Robotic technologies, health care, and ethics Professor Margrit Shildrick, Stockholm University
Event details
Technologies of all sorts have always played a major role in the negotiation of a range of putative health deficits that are assumed to impede functionality or the expression of autonomous selfhood. Older mechanical aides still have an important place in normalising bodily performance, while the advent of digital technologies, and particularly AI, can serve to enhance the supposed shortcomings of neurodiversity, whether as a result of ageing, disability or ill-health, as well as assisting in many physical aspects of embodiment.

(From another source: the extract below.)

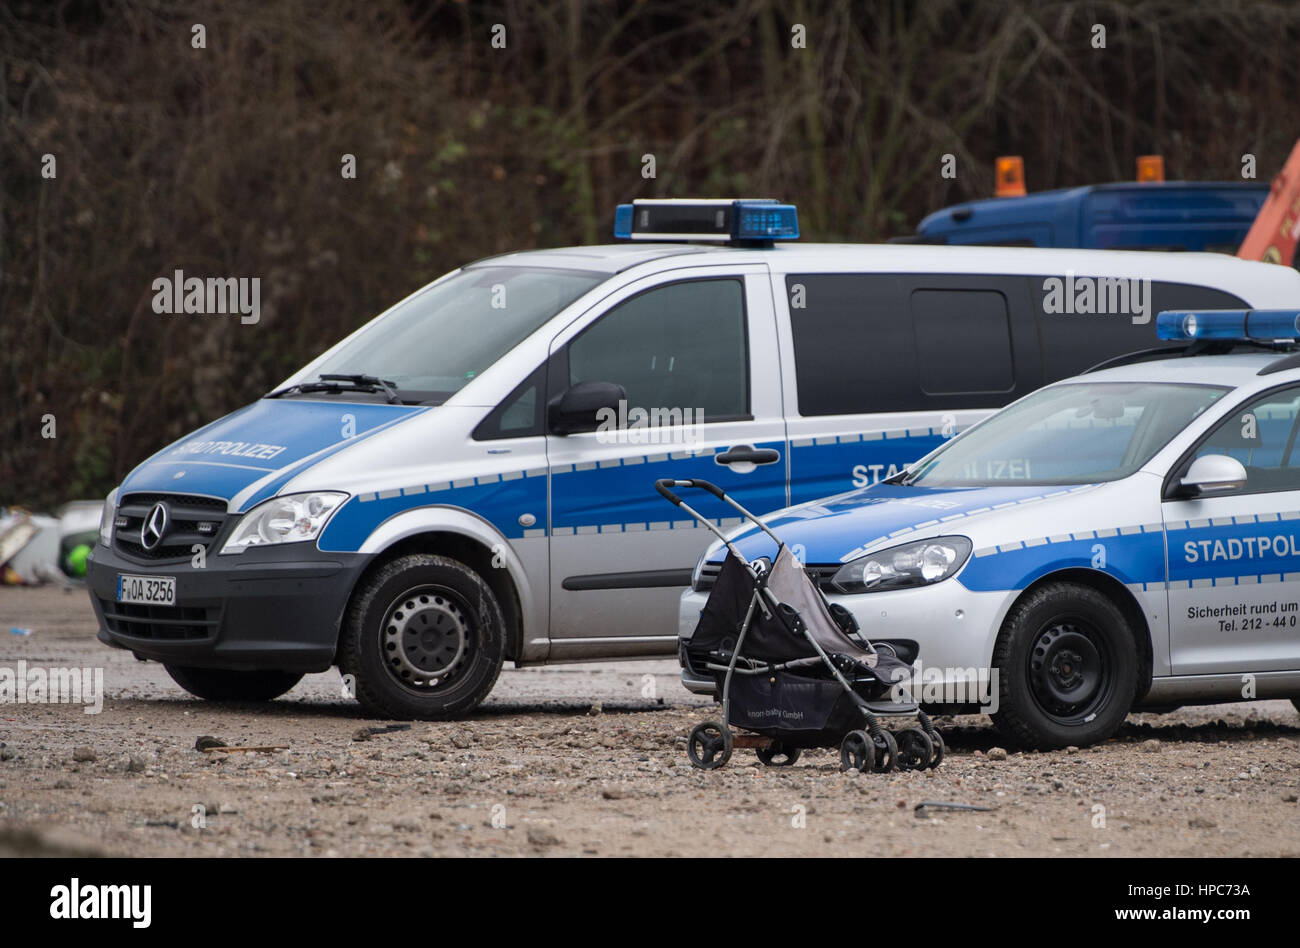 An empty stroller can be seen before two police vehicles on a commercial property in the Gutleutviertel district on the outskirts of Frankfurt am Main, Germany, 21 February 2017. The handbuilt huts of the property's residents have been torn down. Several dozen Romanians were living in the wooden sheds. Photo: Susann Prautsch/dpa Stock Photo

The widely accepted claim that such technologies have a clear therapeutic value conjures the illusion of an unproblematised sequence of evermore complex devices leading to increasingly enhanced function and the support of continuing selfhood. This talk focuses on social robots – often called empathy robots – and offers a less conventional perspective that puts aside the desire for individual autonomy and opens up the question of the posthuman.
Rather than prioritising the bounded self at the centre of humanist thought, Margrit asks what is at stake when human embodiment becomes intricately entangled with non-human materialities and digital coding. Is the potentially radical change to healthcare provision to be welcomed? Beyond a merely functional usage, which is likely to dominate in the short term, urgent bioethical questions arise about the extent to which the category of the human can or should be sustained as the anchor of flourishing life.
In exploring the practical, philosophical and bioethical implications of newly emerging robotic technologies, Margrit endorses a posthumanism that in seeking to radically decentre the very notion of human privilege and hierarchical distinctions would revalue non-normative embodiment.
About the speaker
Professor Margrit Shildrick is Guest Professor in Gender and Knowledge Production at Stockholm University, she has also held academic posts in the UK, Ireland, Canada, USA, Finland and Australia, and is currently an Adjunct Professor of Critical Disability Studies at York University, Toronto, Visiting Professor in the Dept. of Law at UTS, Sydney, and Honorary Research Fellow in Philosophy, University of Liverpool.
Her research spans interdisciplinary gender studies and feminist theory, postconventional bioethics, phenomenology, posthumanities, science and technology studies (STS), critical disability studies (including cripqueer theory and practice), knowledge production within the biosciences, theories of the monstrous, prosthetic theory, psychoanalysis, retheorising women’s health, organ transplantation.
Her books include: Visceral Prostheses: Somatechnics and Posthuman Embodiment (2022 Bloomsbury); Dangerous Discourses: Subjectivity, Sexuality and Disability (2009 Palgrave Macmillan); Embodying the Monster: Encounters with the Vulnerable Self (2002 Sage); and Leaky Bodies and Boundaries: Feminism, Postmodernism and (Bio)ethics (1997 Routledge).